Repository files navigation

Approximate Rank Order Clustering

This repository contains an implementation of this paper.

What's in this repository

clustering.py - Contains the implementaion of the clustering algorithm.

demo.py - An example to demonstrate usage. To run this, you need to download the LFW data from here. For the face vectors, I used the results from Alfred Xiang Wu's Face Verification Experiment. Also evaluates clustering on the LFW dataset using evaluation.py.

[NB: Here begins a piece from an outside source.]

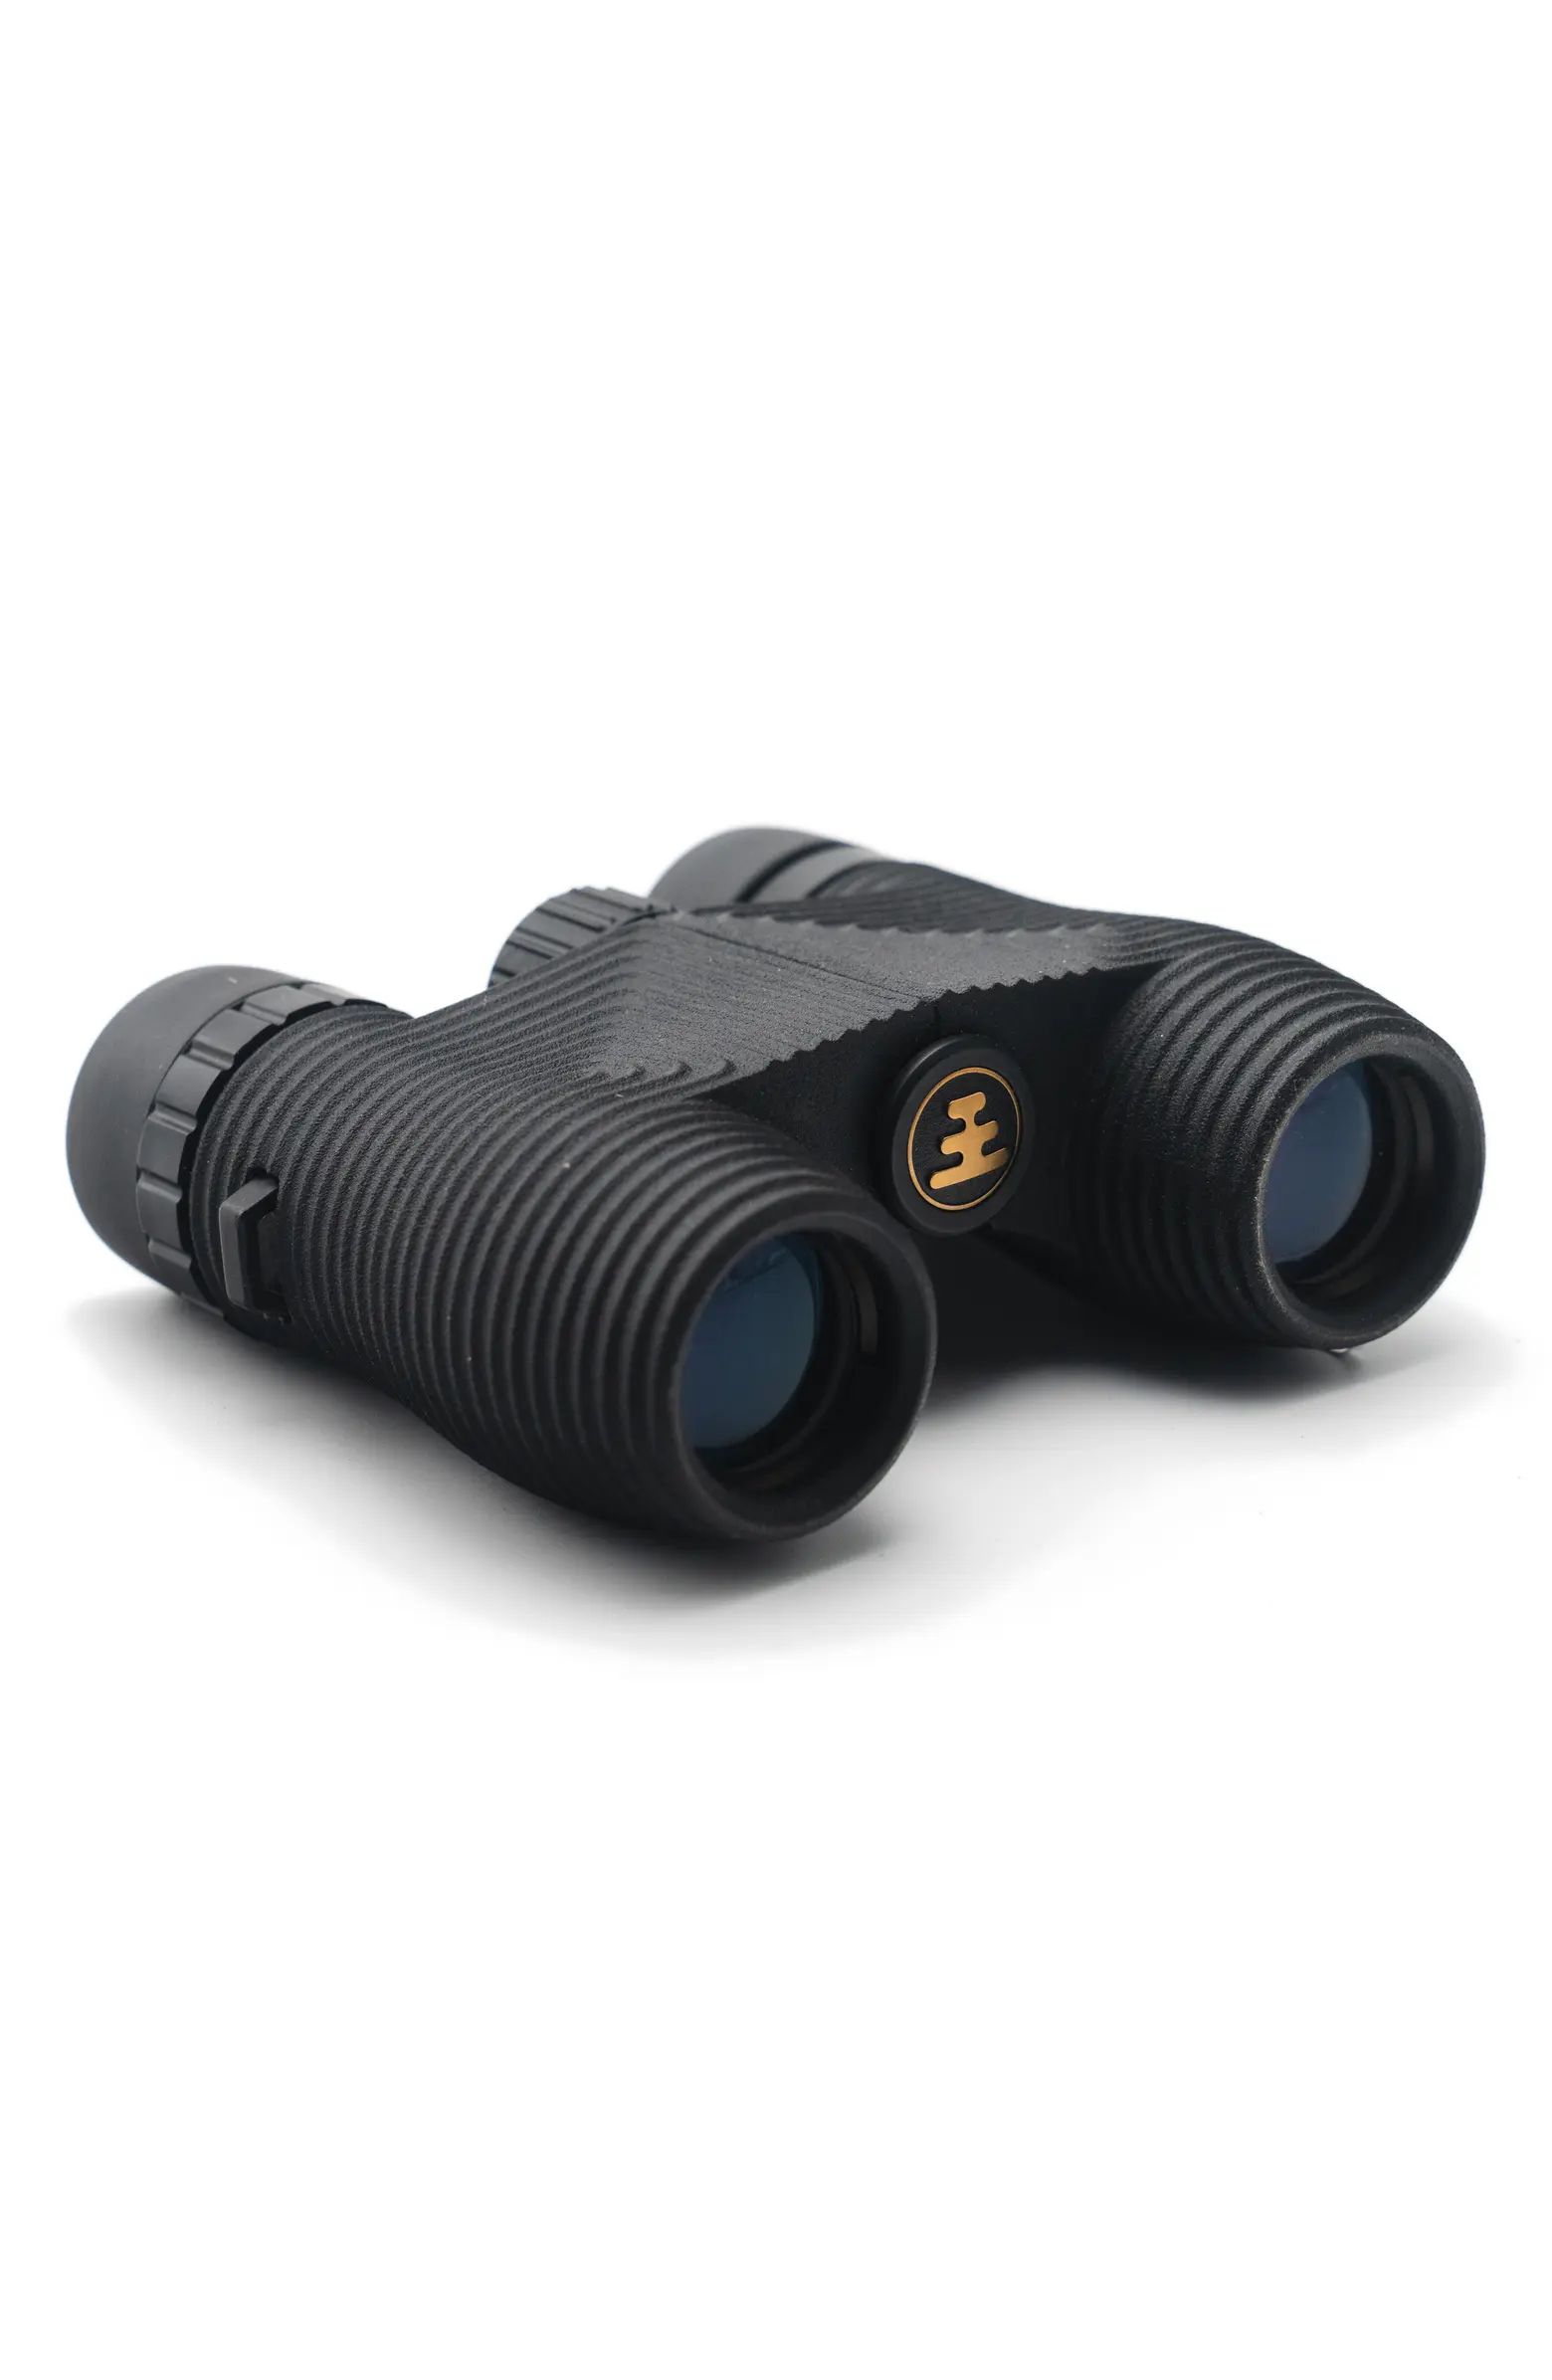 NOCS Standard Issue 8 x 25 Waterproof Binoculars | Nordstrom | Nordstrom

evaluation.py - Script to calculate pairwise precision and recall as explained in the paper. TODO

server.py - Script to visualize the results.

Setup

You will need cmake for this installation.

Step 1:

Create a new virtual environment and clone the repository.

mkvirtualenv (env-name)
workon (env-name)
git clone https:github.com/varun-suresh/Clustering.git

Step 2:

Follow the instructions here to install pyflann.

Step 3:

For the demo, download the LFW data and the face vectors as mentioned above and run

cd Clustering
python demo.py --lfw_path path_to_lfw_dir -v vector_file

Results

Visualization

There is a very basic visualization script in place to examine the clusters. To use the script, download the LFW images and store them in yourpath/Clustering/ directory.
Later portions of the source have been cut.